The defendant has failed to demonstrate that one week is insufficient time to adequately prepare for trial. Accordingly, the defendant's Motion for Disclosure of Identities of Informants and Informants' Telephone Numbers, (Docket No. 38), shall be denied.
MOTION FOR EXTENSION OF TIME
Finally, there is the defendant's Motion for Extension of Time to File Additional Pretrial Motions, (Docket No. 44). Apparently, photo lineups utilized by the government were not included in the initial discovery, but were provided to defense counsel on December 11, 2009. (Docket No. 48 at 11.) Thus, Kaffo seeks additional time to review this discovery as well as an additional 60 pages of discovery and determine if any pretrial motions are appropriate. Initially, Kaffo's request was far-broader and he sought 30 additional days. In reply, Kaffo narrows his request regarding "potential motions," but does not indicate how much time is needed.
The upcoming jury trial and the defendant's request to file potential motions is problematical. The jury trial is scheduled to commence on January 19, 2010. The defendant has had the additional discovery for at least 10 days, but still refers to additional motions as "potential." Under the circumstances, it would seem that the defendant would know whether or not a motion challenging the line-up would be filed.
Unless the date for trial is adjourned, this court is unable to grant the defendant's request for an unspecified amount of additional time. Even if the trial date was continued, an open-ended extension will not be granted. The court finds a lack of good cause and the motion for an extension of time is denied. This leaves the defendant with at least two options. One is to request that Judge Randa continue the trial date upon a showing of good cause, although this was previously done; the other is to promptly request to file the defendant's pretrial motion instanter upon a showing of good cause.

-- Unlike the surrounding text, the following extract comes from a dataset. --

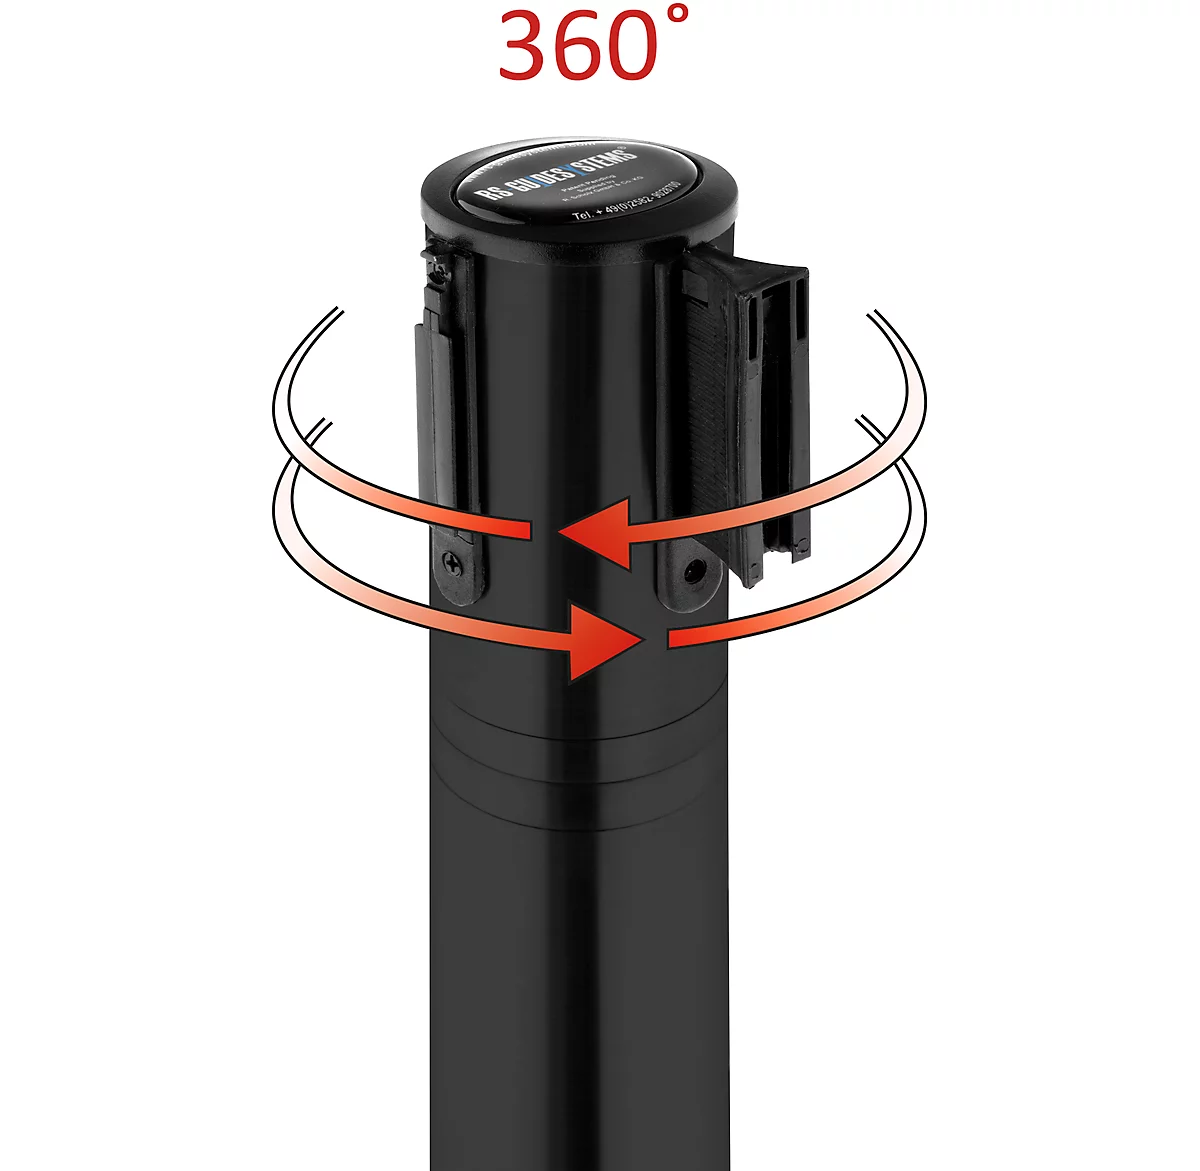 Absperrpfosten, Kopf um 360° drehbar, Gurt bis 2,3 m ausziehbar, Gurtkassette & Bremse, L 1000 mm, Metall, Gurt schwarz-weiss

IT IS THEREFORE ORDERED that the defendant's Motion for Disclosure of Favorable Evidence, (Docket No. 36), is denied. IT IS FURTHER ORDERED that the defendant's Motion to Produce, (Docket No. 39), is denied. IT IS FURTHER ORDERED that the defendant's Motion for Discovery, (Docket No. 40), is denied. IT IS FURTHER ORDERED that the defendant's Motion for Hearing, (Docket No. 41), is denied. IT IS FURTHER ORDERED that the defendant's Motion for Order, (Docket No. 43), is denied. IT IS FURTHER ORDERED that the defendant's Motion to Produce Jenck's [sic] Act Material, (Docket No. 42), is denied. IT IS FURTHER ORDERED that the defendant's Motion for Bill of Particulars, (Docket No. 37), is denied. IT IS FURTHER ORDERED that the defendant's Motion for Disclosure of Identities of Informants and Informants' Telephone Numbers, (Docket No. 38), is denied. IT IS FURTHER ORDERED that the defendant's Motion for Extension of Time to File, (Docket No. 44), is denied.
Your attention is directed to 28 U.S.C. § 636(b)(1)(A) and Fed.R.Crim.P. 59(a) (as amended effective December 1, 2009) whereby written objections to any order herein or part thereof may be filed within fourteen days of service of this order. Objections are to be filed in accordance with the Eastern District of Wisconsin's electronic case filing procedures. Courtesy paper copies of any objections shall be sent directly to the chambers of the district judge assigned to the case. Failure to file a timely objection with the district court shall result in a waiver of a party's right to appeal.